Local and Multi-Scale Strategies to Mitigate Exponential Concentration in Quantum Kernels

TL;DR

This paper empirically investigates local and multi-scale strategies to reduce exponential concentration in quantum kernels, demonstrating their effectiveness in enriching kernel spectra and mitigating concentration effects across various datasets.

Contribution

It introduces and benchmarks local and multi-scale quantum kernel strategies to address exponential concentration, showing their benefits over global fidelity kernels.

Findings

Local and multi-scale kernels mitigate concentration effects.

These strategies produce richer kernel spectra.

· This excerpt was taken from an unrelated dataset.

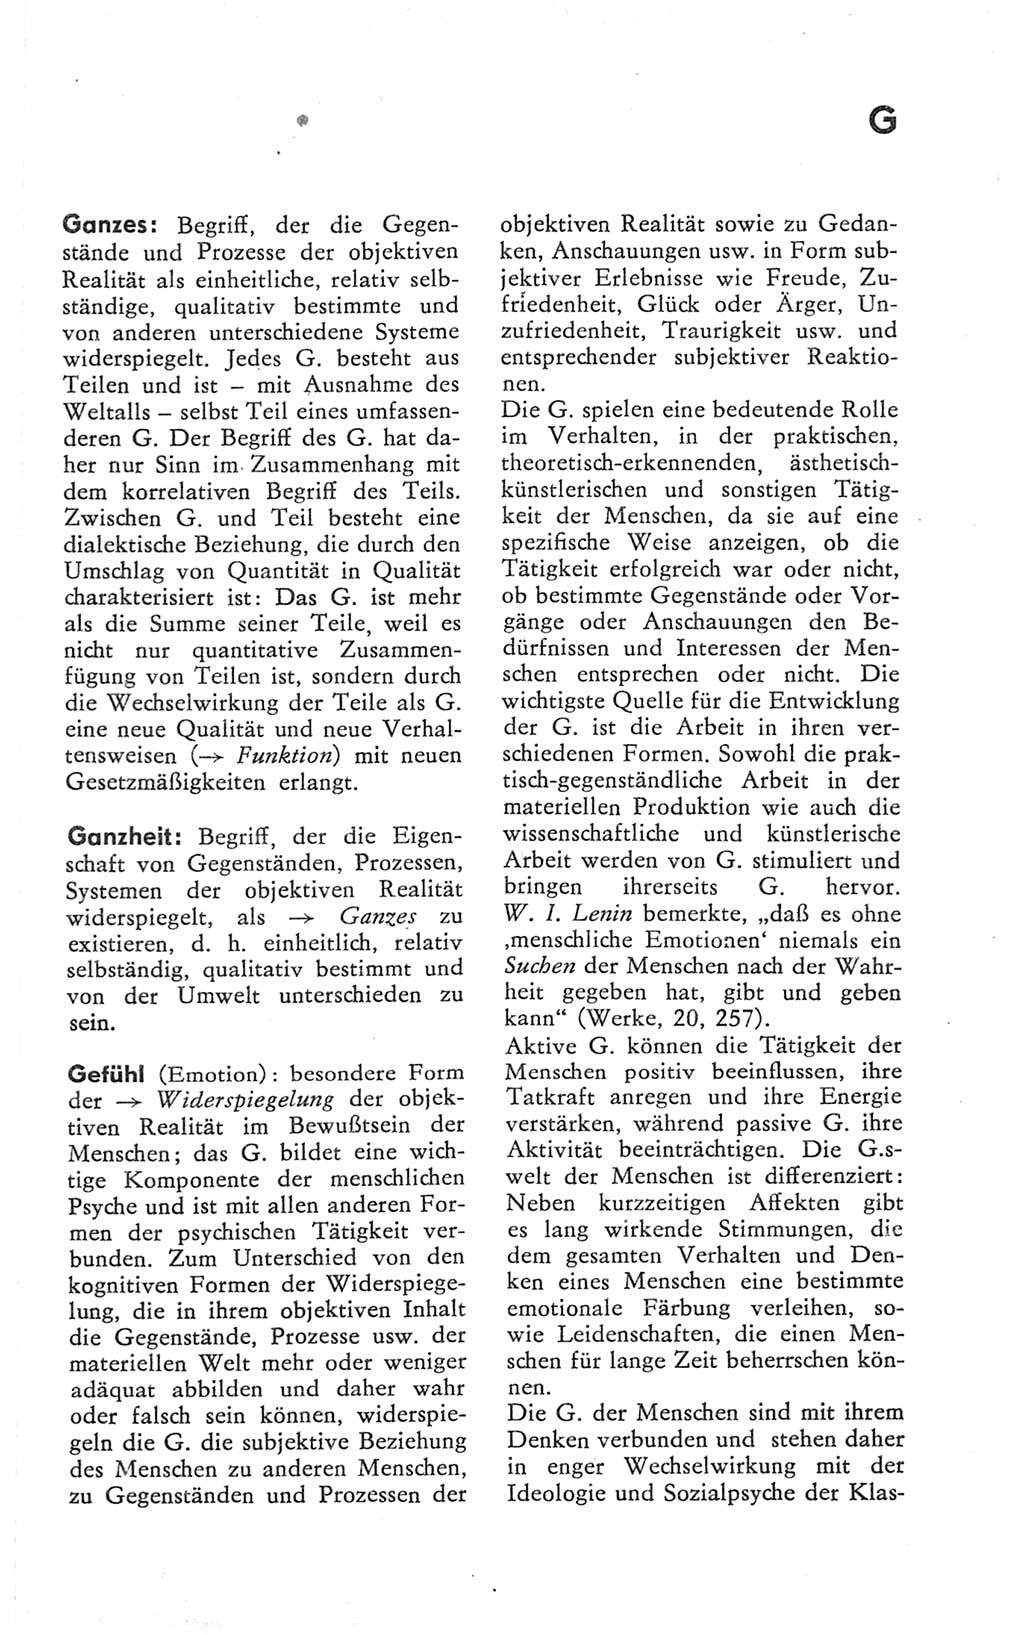 Kleines Wörterbuch der marxistisch-leninistischen Philosophie [Deutsche Demokratische Republik (DDR)] 1981, Seite 123 (Kl. Wb. ML Phil. DDR 1981, S. 123)
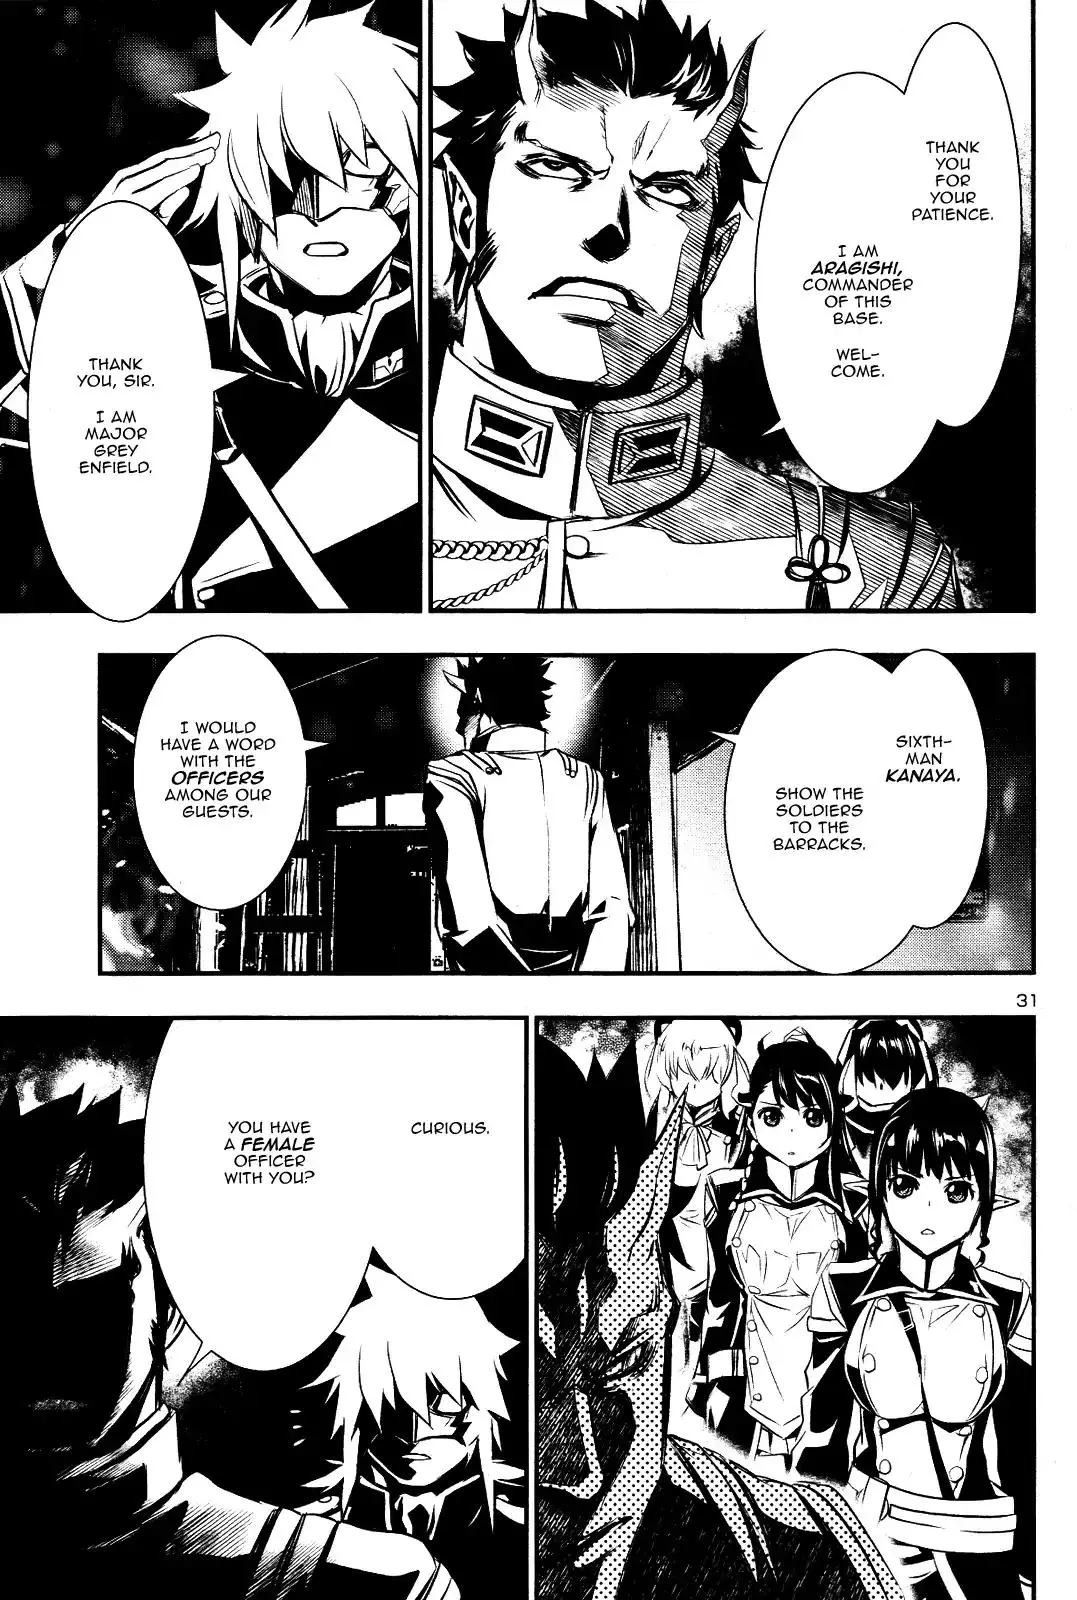 Shinju no Nectar - 22 page 29

Impact on classification accuracy varies by dataset.

Abstract

Fidelity-based quantum kernels provide a direct interface between quantum feature maps and classical kernel methods, but they can exhibit exponential concentration: with increasing system size or circuit expressivity, the Gram matrix approaches the identity and suppresses informative similarity structure. We present an empirical study of two mitigation strategies implemented in Qiskit: (i) local (patch-wise) kernels that aggregate subsystem similarities, and (ii) multi-scale kernels that mix local and global similarity across patch granularities. We benchmark baseline, local, and multi-scale kernels under matched preprocessing, splits, and SVM protocols on several tabular datasets, sweeping the feature dimension $d\in\{4,6,\dots,20\}$. We report concentration diagnostics based on off-diagonal kernel statistics, spectral richness via effective rank, and centered alignment with labels. Across datasets, local and multi-scale constructions consistently mitigate concentration and yield richer kernel spectra relative to the global fidelity baseline, while the impact on classification accuracy depends on the dataset and dimension.